Thinking that makes you safer is equivalent to assuming the world goes away
when you close your eyes. The defenders need to find every hole, the attackers
need to find one. If you want a secure (and functional!) network, you want to
make network service discovery _easier_ , not harder.

They even admit it themselves:

    
    
      Thus, it is increasingly important to minimize the visible footprint
      of services on Internet hosts, thereby reducing the attack surface.
    

They think reducing the _visible footprint_ results in a reduction of the
_attack surface_ , that is, they think concealment is cover.

Secondly, the non-technical portions are extremely misleading, for example:

    
    
      [A]dversaries may be able to observe all traffic of an Internet host
      and perform man-in-the-middle attacks on traffic originating from
      specific clients.
    

This is a quote from a proposal that does not work at all to conceal traffic
from passive listeners, let alone man-in-the middle attackers. You still know
exactly what services are running if you can listen in, you don't need to port
scan! Furthermore, if you can see selective response to a sufficient
(smallish) number of these ISN tokens, you can start trying to guess the
secret.

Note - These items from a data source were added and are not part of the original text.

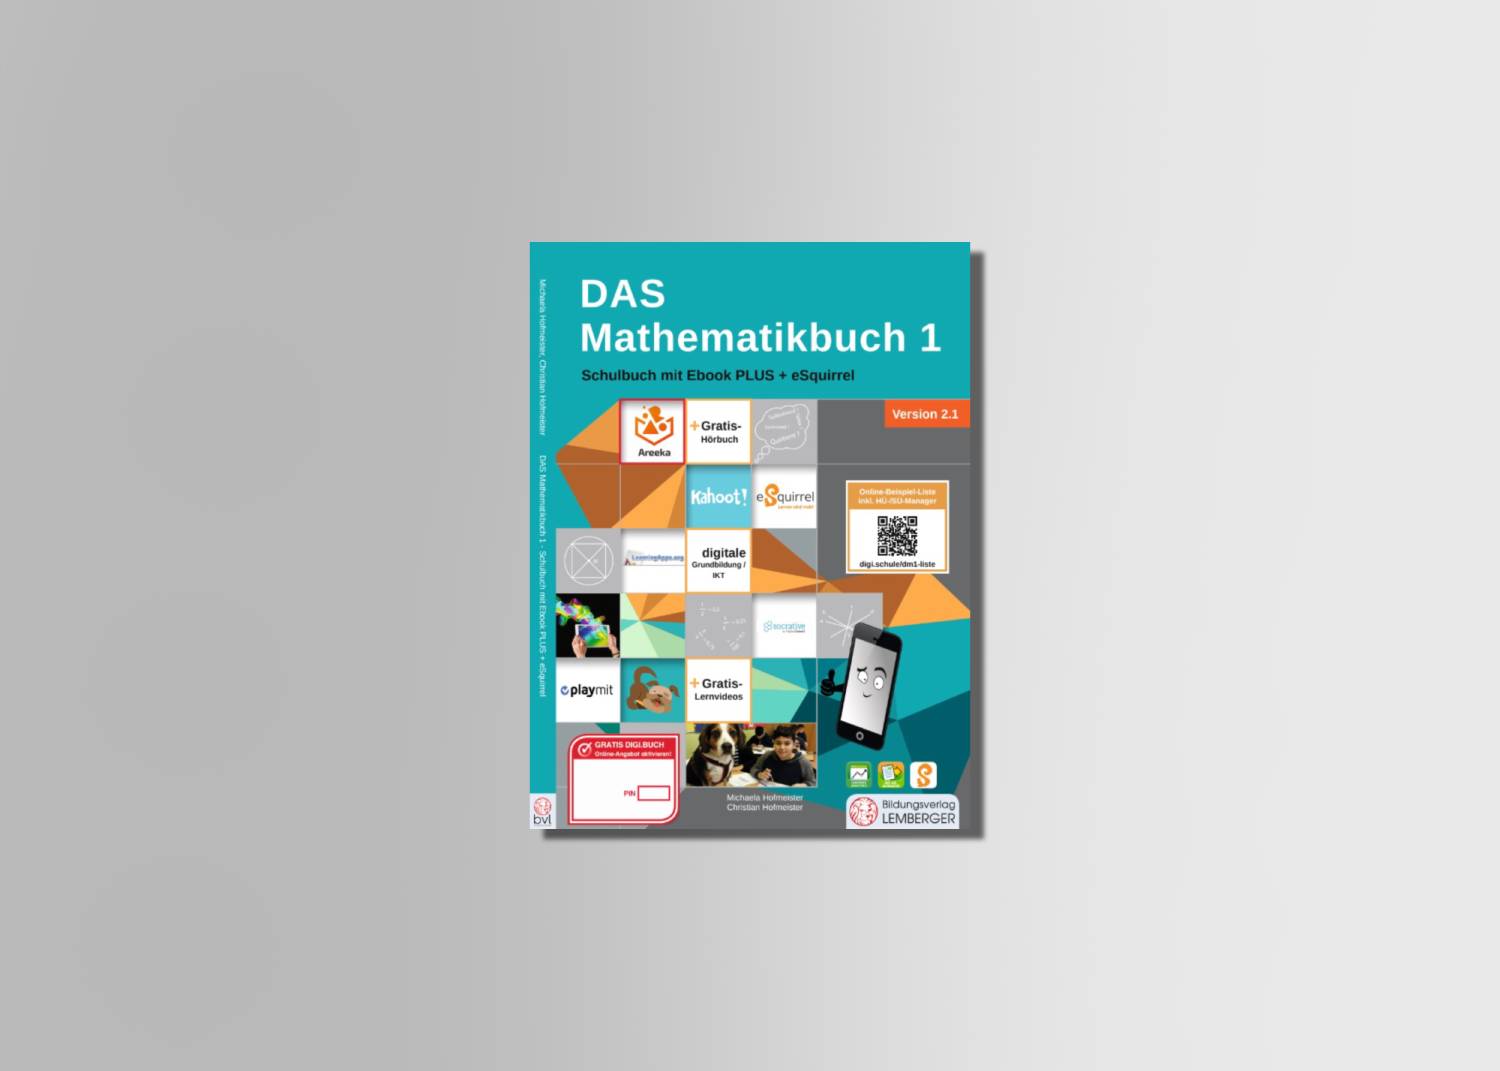 Areeka Augmented Reality Schulbuch - BVL DAS Mathematikbuch 1
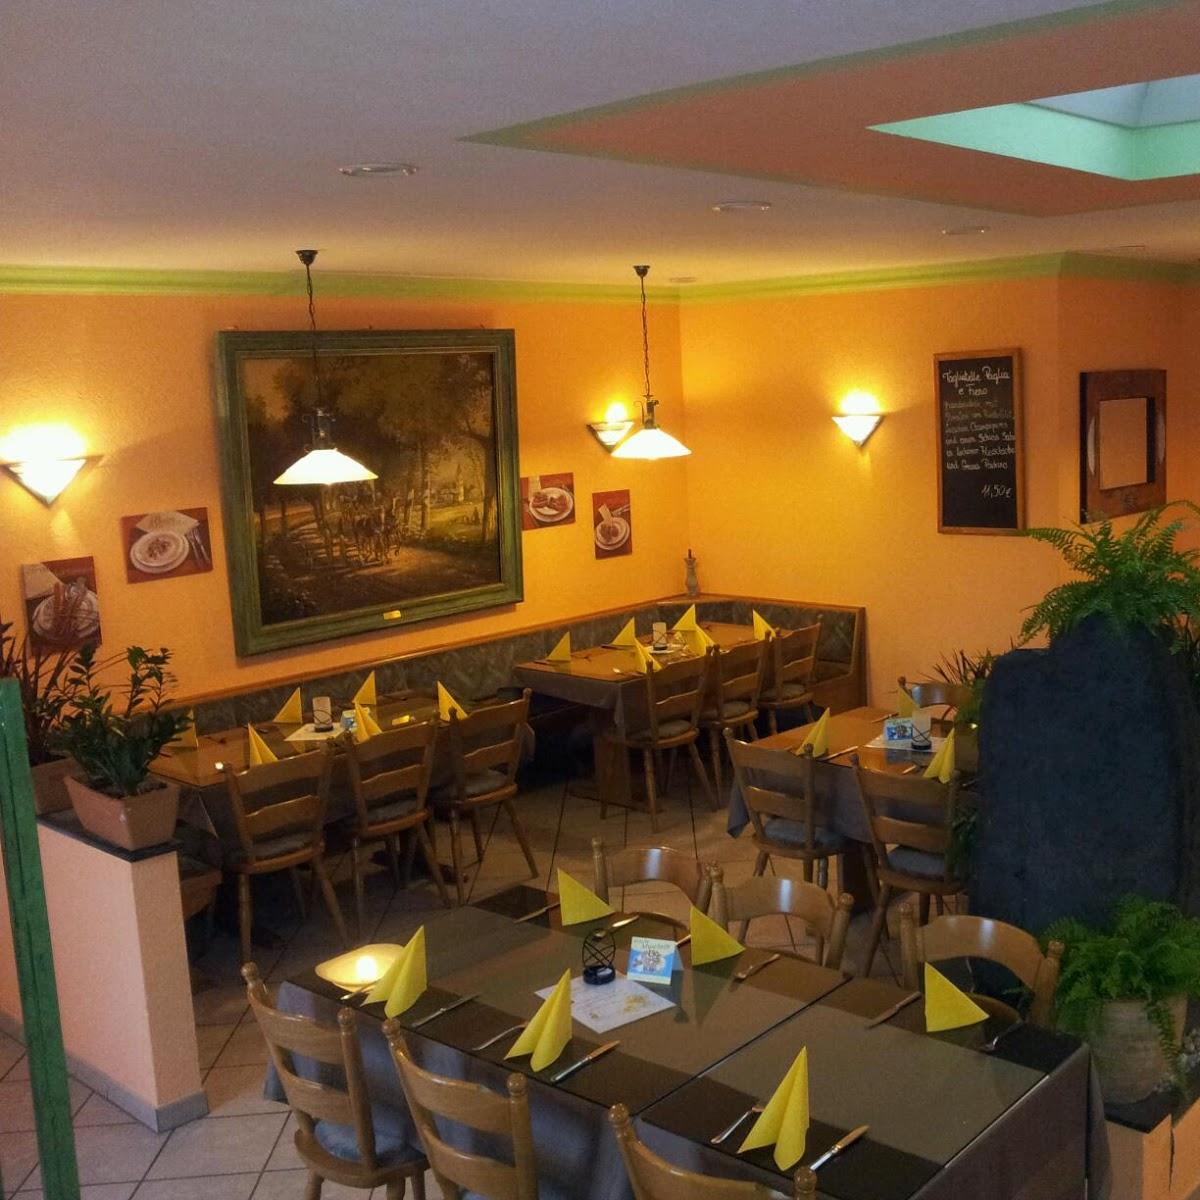 Restaurant "La Terrazza" in Mehren
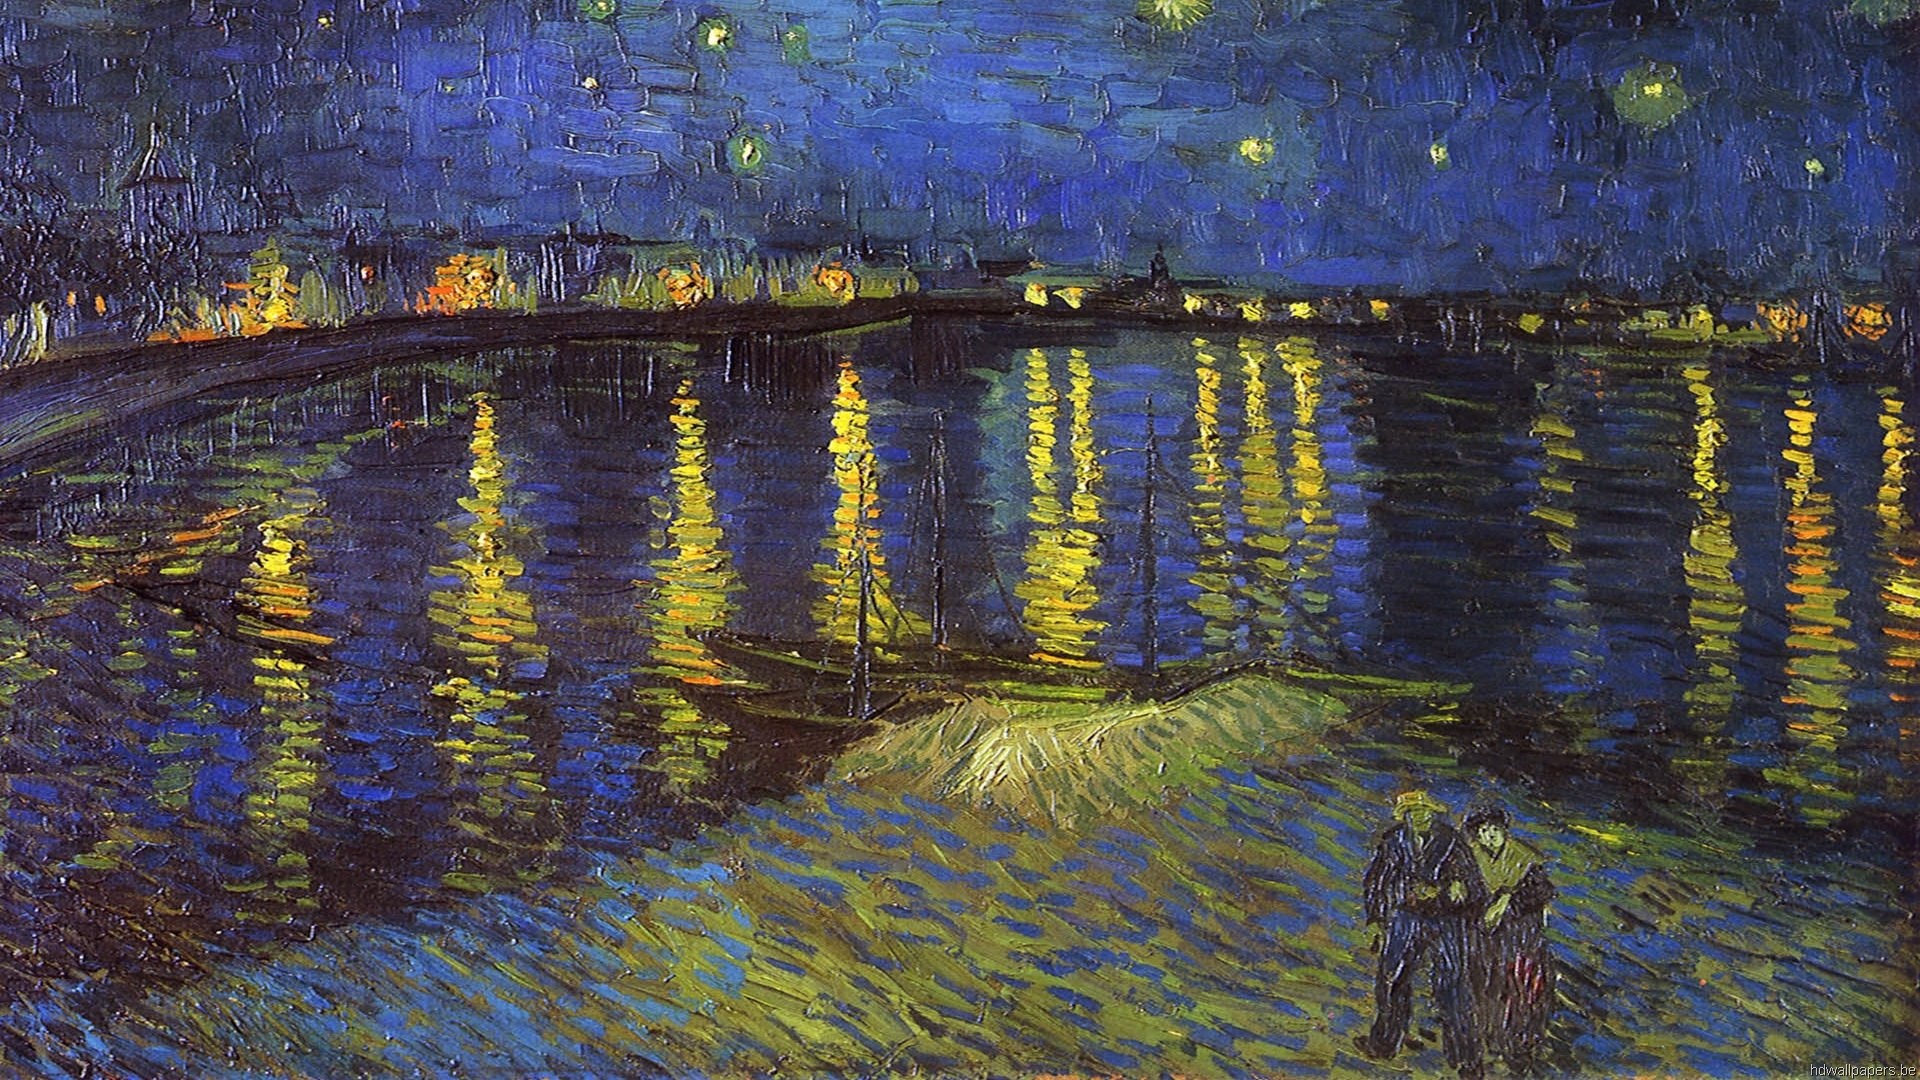 HD wallpaper, Desktop 1080P Vincent Van Gogh Wallpaper Image, Van Gogh Hd Wallpaper, Vibrant Colors, Stunning Artwork, 1920X1080 Full Hd Desktop, Impressionist Style

No advice on appropriate shared secret selection or necessary secret
length to mitigate this is given -- they claim the secret is 1024 bits, but
give a test vector much shorter than that.

PS: I'm pretty sure this breaks if you use DNAT

------
amluto
The draft uses the MD5 _compression function_ (not even real MD5), and it
"hashes" more data and than fits in one invocation by arbitrarily xoring
pieces together.

This wrong for so many reasons. Here's how to do this sanely:

Pack all the input into a fixed size. Hash it with a decent hash function.
Truncate the output.

MD5 is not a decent hash function.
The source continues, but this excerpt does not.